This invention relates to a liquid crystal projector apparatus which includes a liquid crystal display panel for optically modulating light from a light source with an input signal and projects the optically modulated light from the liquid crystal panel to display an image and a driving method for a liquid crystal projector apparatus.
As an example of an image display apparatus, a liquid crystal projector apparatus which makes use of a liquid crystal panel is known. Such liquid crystal projector apparatus include an apparatus called rear projector.
A liquid crystal projector apparatus of the type mentioned uses three liquid crystal panels (also called liquid crystal light valves) for optically modulating the colors of, for example, red, green and blue to combine light of the three components and projects the combined color onto a screen through a lens to display a color image in an enlarged scale. A liquid crystal projector apparatus of the type described includes a lamp as a light source for projecting a video (image) to display it. The lamp generates a great amount of heat and requires cooling thereof.
By the way, liquid crystal panels used in a liquid crystal projector apparatus have such a so-called V-T characteristic (drive voltage-transmissivity) as illustrated in FIG. 18. The axis of ordinate of the V-T characteristic indicates the transmissivity of a liquid crystal panel, and the axis of abscissa indicates the driving voltage (applied voltage) applied to the liquid crystal panel. The V-T characteristic has a characteristic that it is shifted in the direction of the axis of abscissa in response to a variation of the temperature.

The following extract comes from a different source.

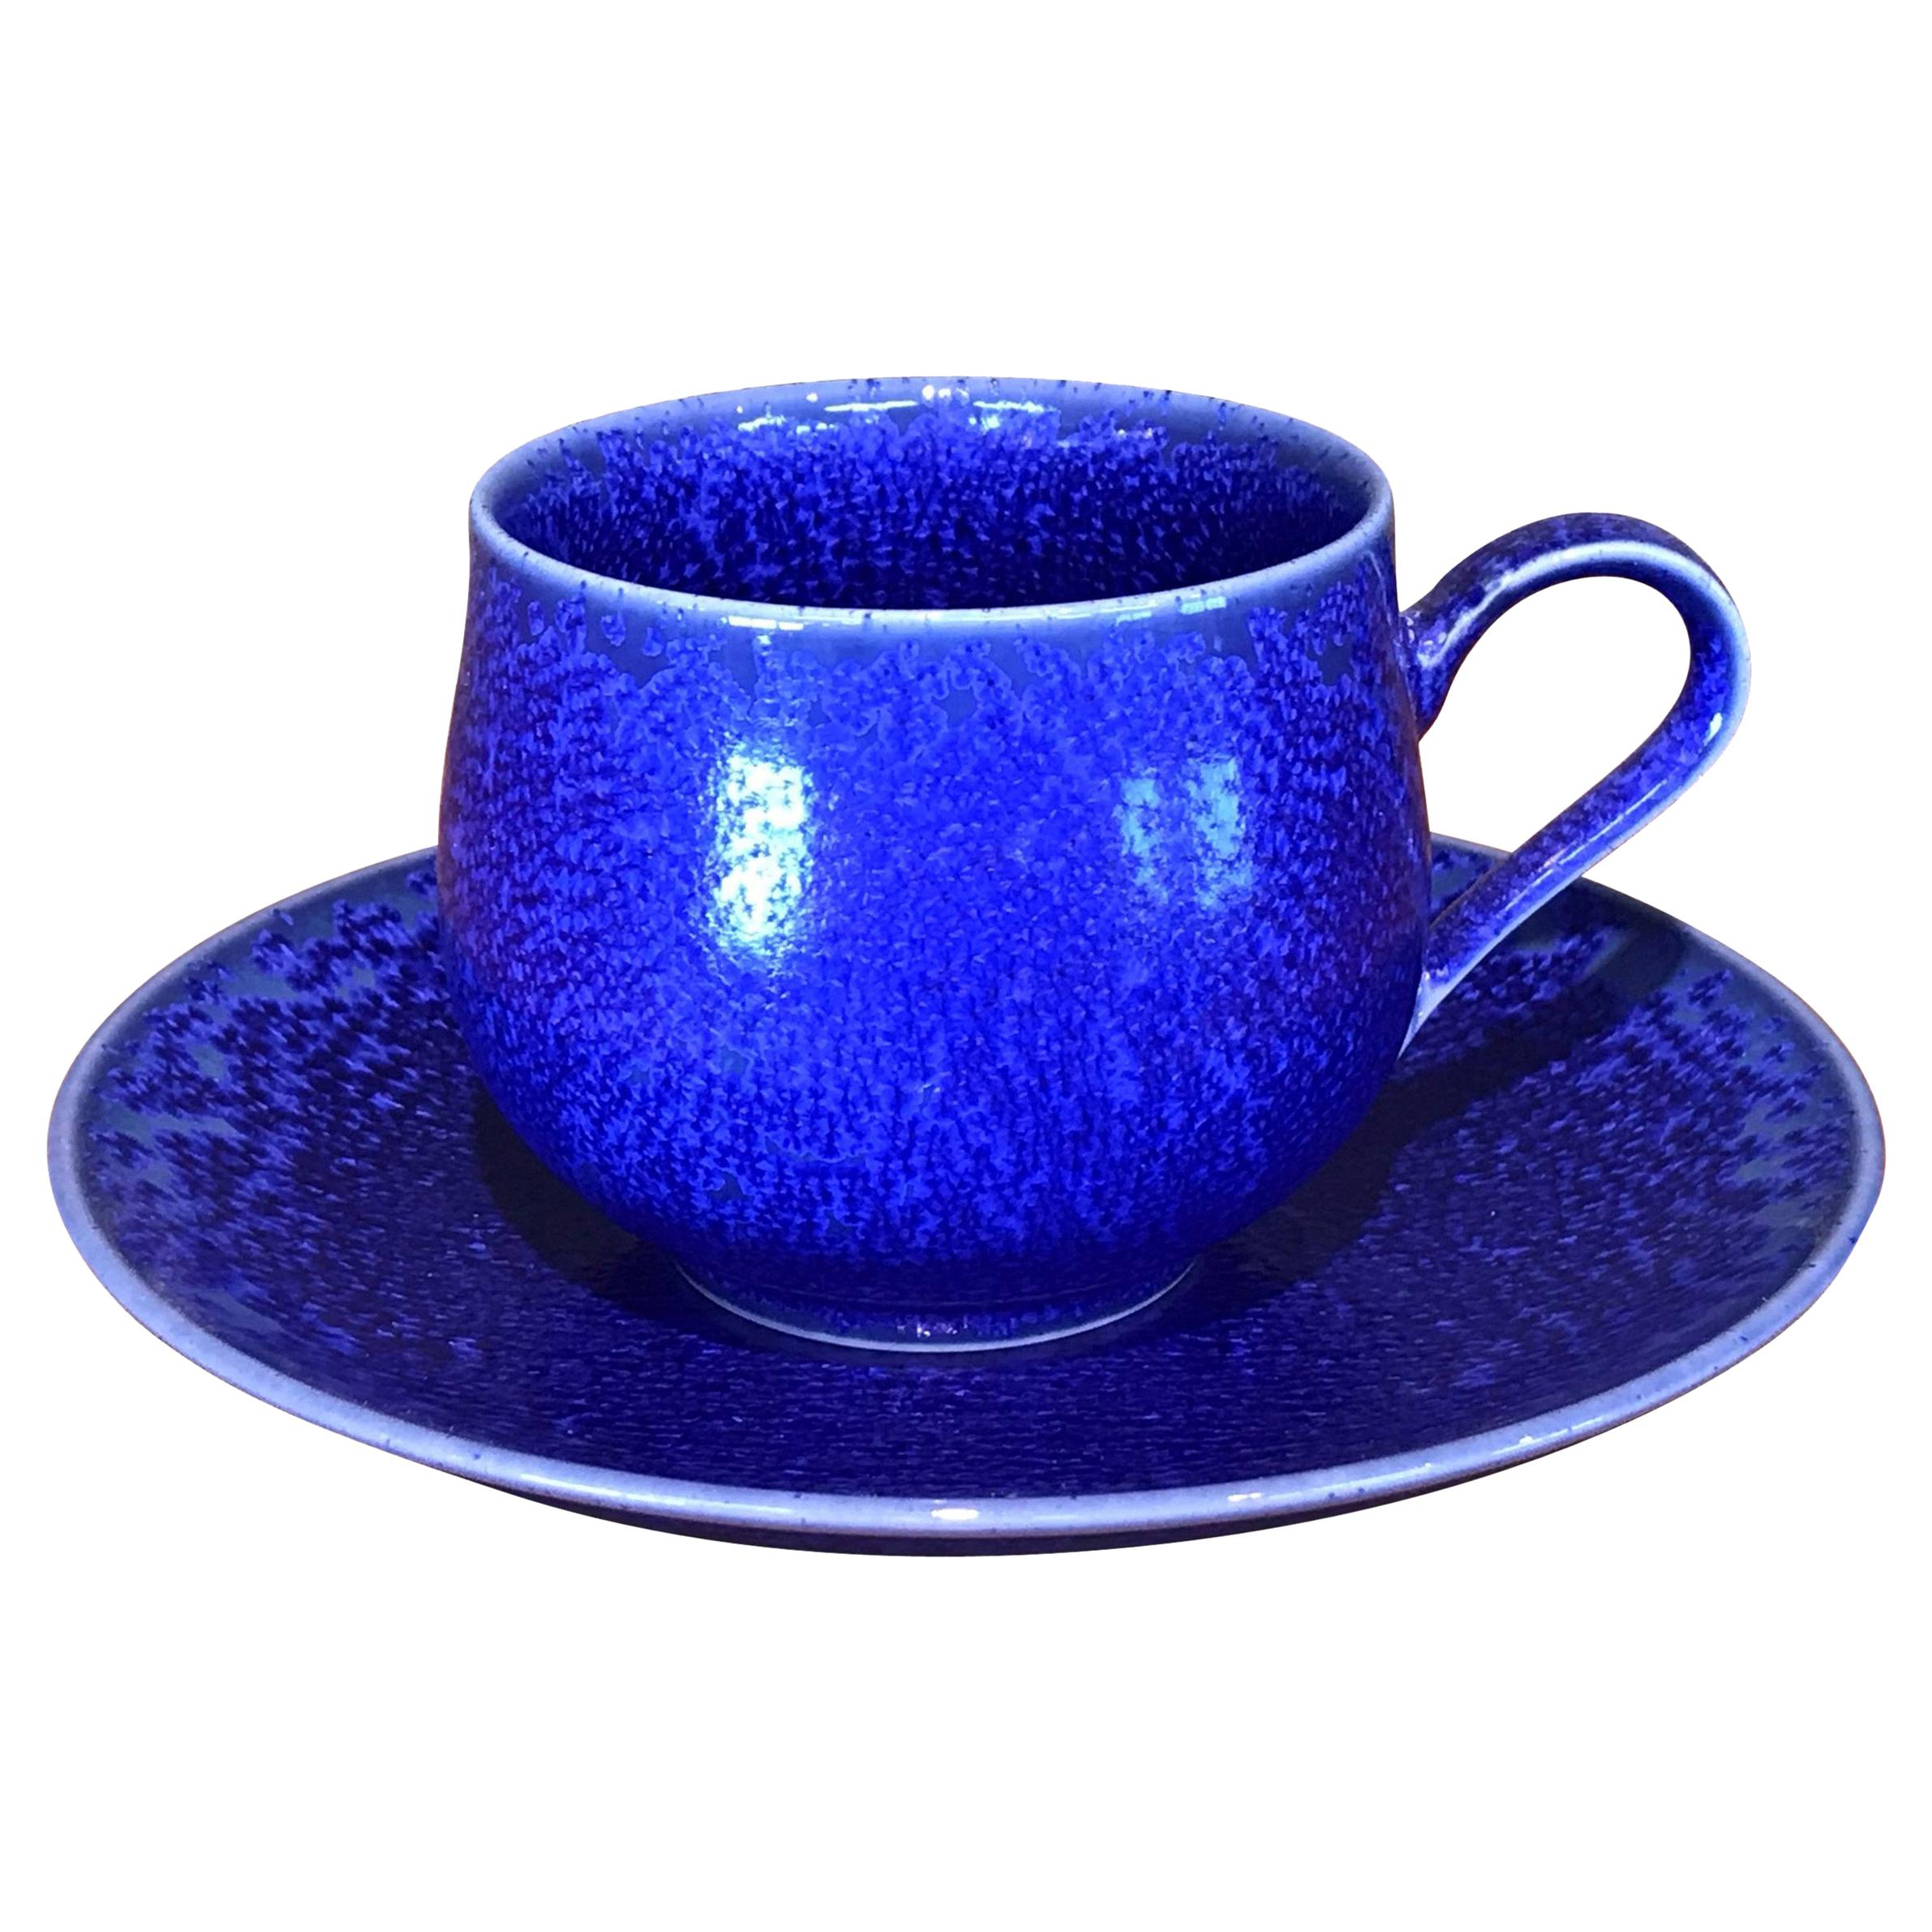 Japanese Blue Hand-Glazed Porcelain Cup and Saucer by Master Artist

The V-T characteristic has a characteristic that, if the temperature rises, for example, from 26.5° C. to 48.6° C. and the V-T characteristic is shifted, then in a gradation portion of the driving voltage of 2.5 V, a drop of the transmissivity of approximately 20%, that is, a drop of the luminance, occurs. Such a variation of the luminance by a temperature variation as just described exhibits its maximum with an intermediate gradation.
Such a drop of the transmissivity of a liquid crystal panel, that is, a drop of the luminance of a liquid crystal panel, as described above is caused by such a shift of the V-T characteristic as shown in FIG. 18 by the temperature of the liquid crystal panel. Therefore, the variation of the luminance of the liquid crystal is not uniform among different gradations. In other words, if a drive signal portion is corrected with a gain or an offset as in correction of the brightness in an ordinary television receiver or the like, then the gradation property of the liquid crystal panel is disordered.
Therefore, for the correction against a temperature variation of a liquid crystal panel, not correction of the brightness but correction of the shift of the V-T characteristic diagram must be performed, and it is known by Japanese Patent No. 2924073 that a shift of a drive voltage (applied voltage) to a liquid crystal panel, that is, a shift of the V-T characteristic, with regard to the axis of abscissa is required.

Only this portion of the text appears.